Microsoft claims that a US court has authorized it to impair 2,300 websites that are essential to Lumma Stealer’s operations
Microsoft, the technology behemoth, has announced that it has initiated legal proceedings against the information-stealing malware Lumma Stealer and has blocked thousands of websites associated with the software.
In a blog post published on May 21, Microsoft disclosed that a federal court in Georgia had authorized the company’s digital crimes unit to suspend, block, or remove nearly 2,300 websites essential to Lumma’s operations.
Additionally, Microsoft has worked with local and international law enforcement agencies to deconstruct the project’s infrastructure.
According to the company, the US Department of Justice seized Lumma’s central command structure, and marketplaces where the tool was sold to other cybercriminals were disrupted.
According to Microsoft, Lumma has been sold through underground forums since 2022, and it has undergone numerous enhancements since its introduction.
The suspension of Lumma infrastructure, which is locally based, was also facilitated by the European Cybercrime Center of Europol and the Cybercrime Control Center of Japan.

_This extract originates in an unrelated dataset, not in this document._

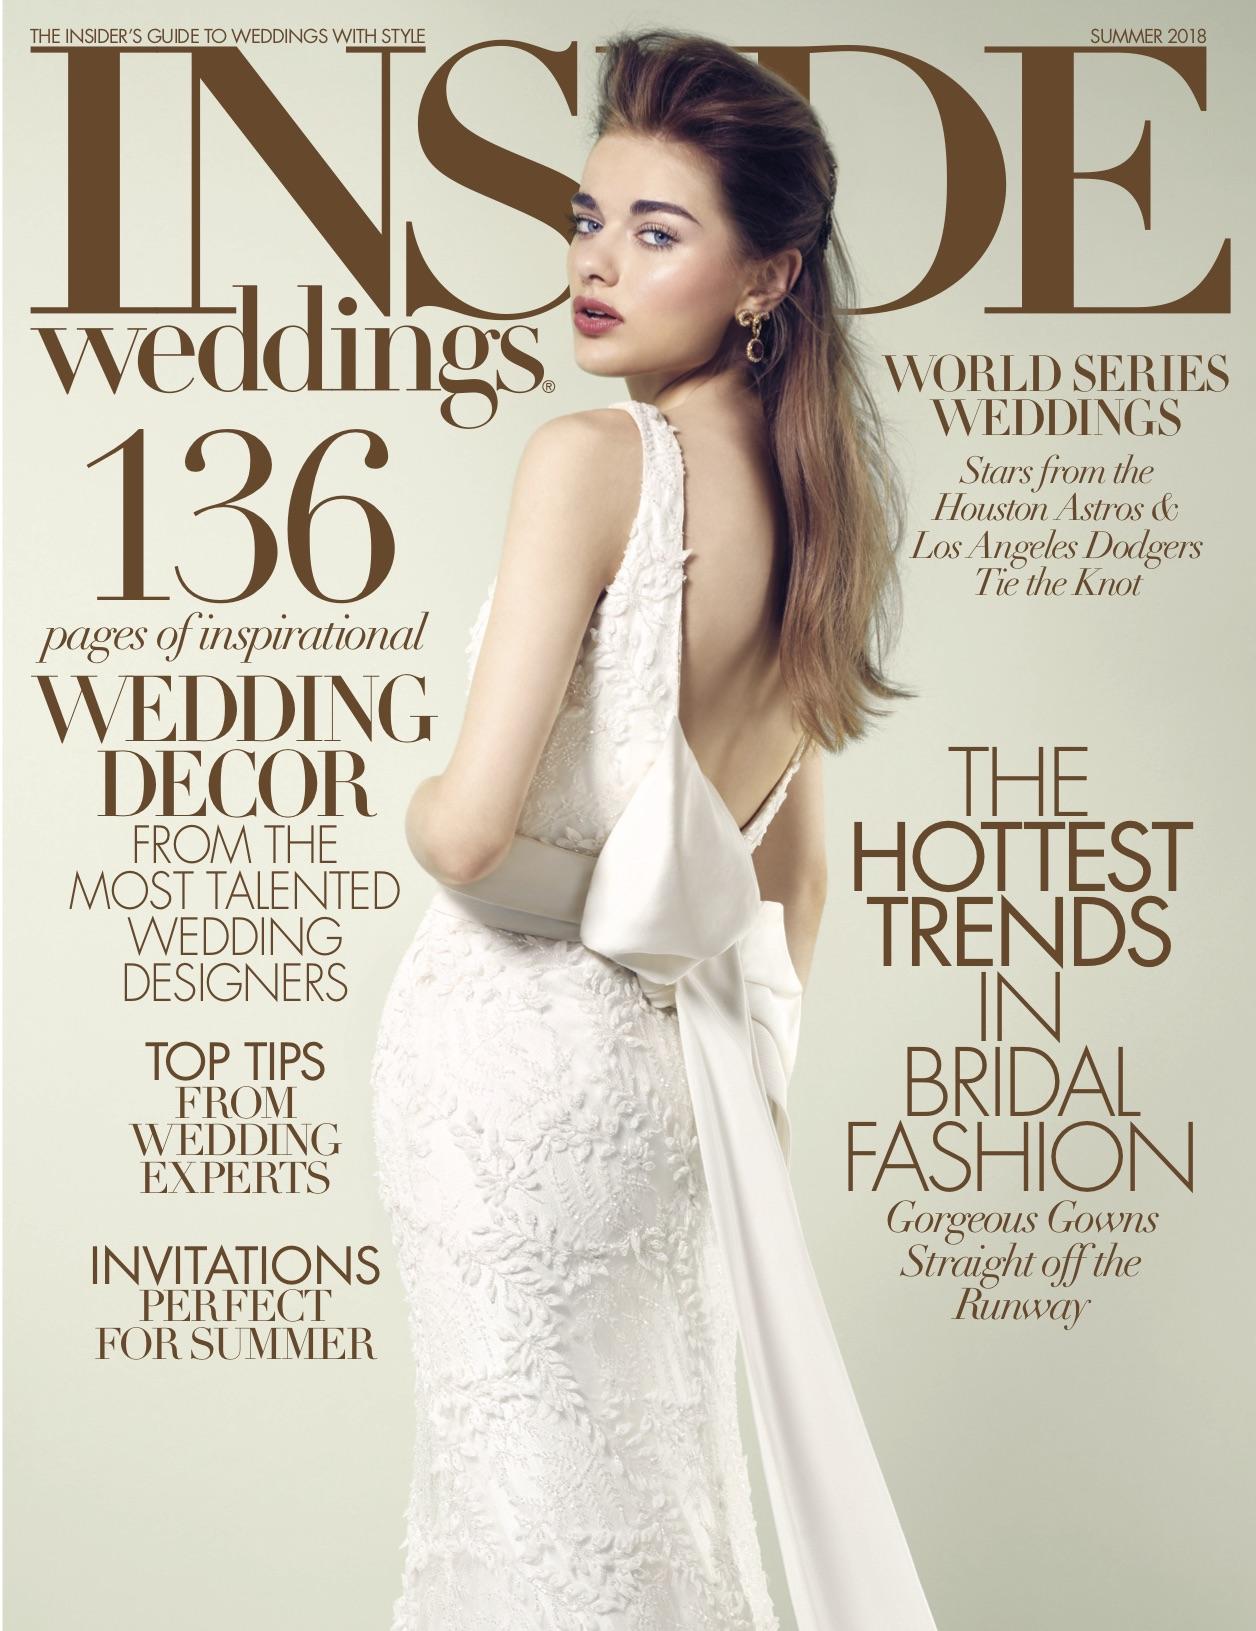 Inside-weddings-cover-magazine.jpg

Lumma is a malware tool that enables malicious actors to acquire various information, including passwords, credit card information, and details of bank accounts and crypto wallets.

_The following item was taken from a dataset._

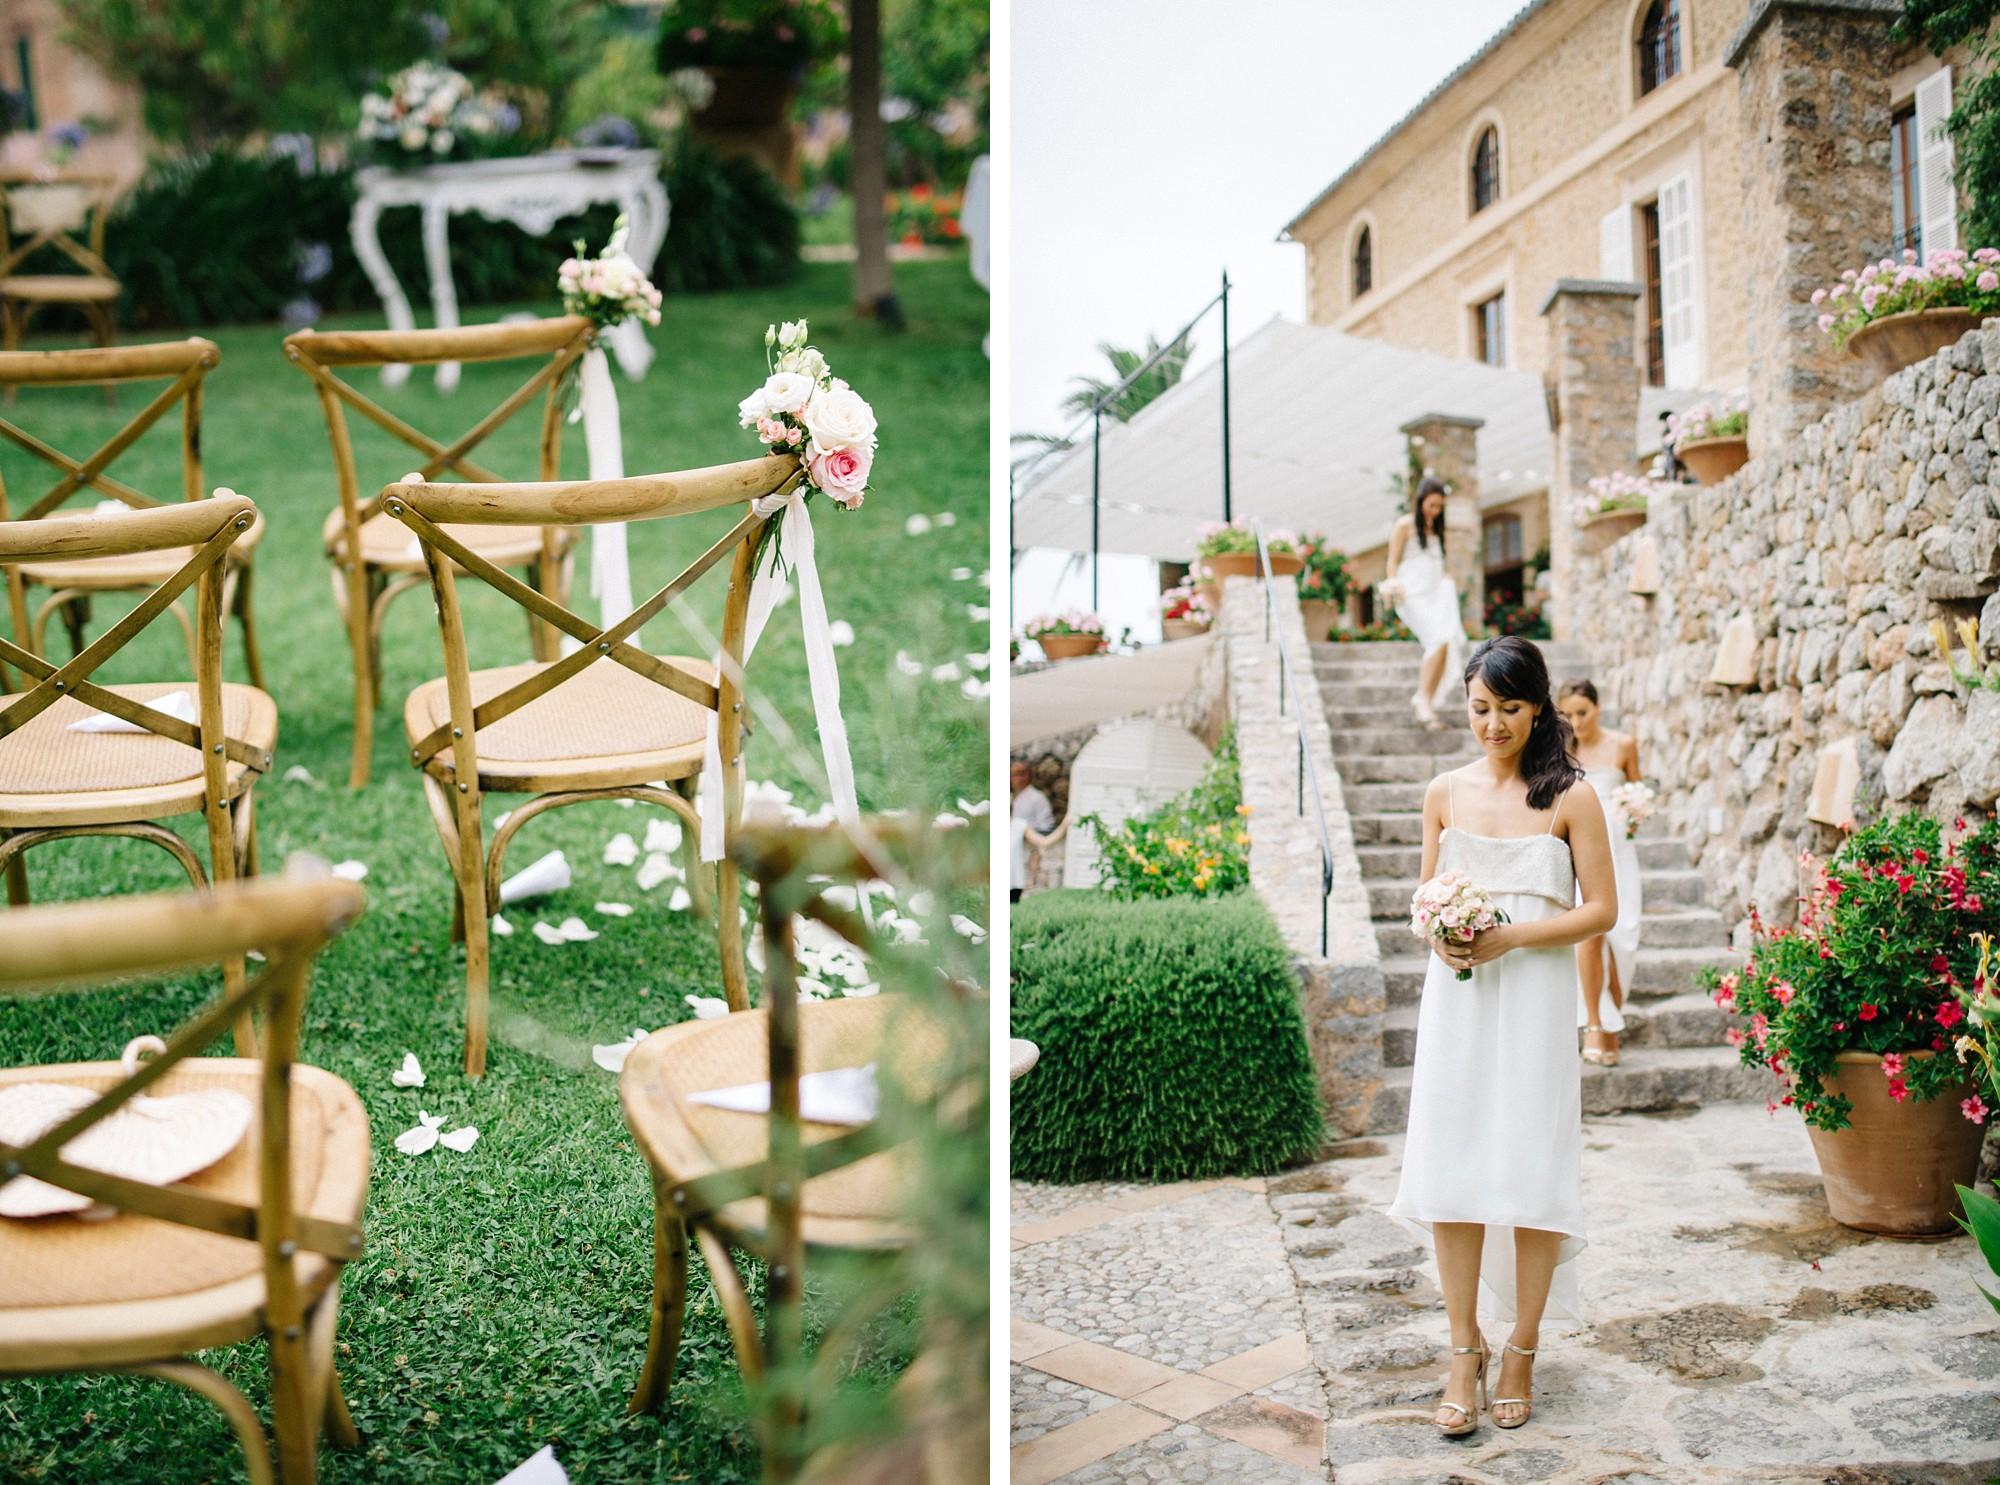 fotografos de boda en valencia barcelona mallorca wedding photographer072.jpg

Microsoft reported identifying more than 394,000 Windows computers infected by the Lumma malware between March 16 and May 16. The company collaborated with law enforcement agencies and cybersecurity firms to disrupt communication between the tool and the infected devices.
Increase in Malicious Behavior
Crypto drainers are software specifically intended to steal the contents of crypto wallets. They are frequently found on phishing sites, malicious extensions, and fake airdrops.
Procolored, a Chinese printer manufacturer, is purported to have distributed Bitcoin-stealing malware with its official drivers earlier this week. This action led to the loss of approximately $953,000 in cryptocurrency.
AMLBot reported last month that crypto drainers are now being sold as SaaS products, enabling unsophisticated bad actors to rent the service for as little as $100.
According to a report released on February 7 by blockchain analytics firm Chainalysis, fraudulent activity resulted in nearly $51 billion in cryptocurrency loss in 2024. The report also noted that professional crime networks, fraud cartels, nation-state-sponsored hackers, and AI-powered schemes have assumed a prominent role.
According to the FBI’s cyber division, Americans lost an estimated $9.3 billion in 2024 due to crypto scams and forgeries. The most susceptible demographic was those over the age of 60.
In the interim, North Korean hackers have misappropriated nearly $3 billion in cryptocurrencies between 2017 and 2023. Crypto firm Paradigm has reported that these hackers have become increasingly sophisticated.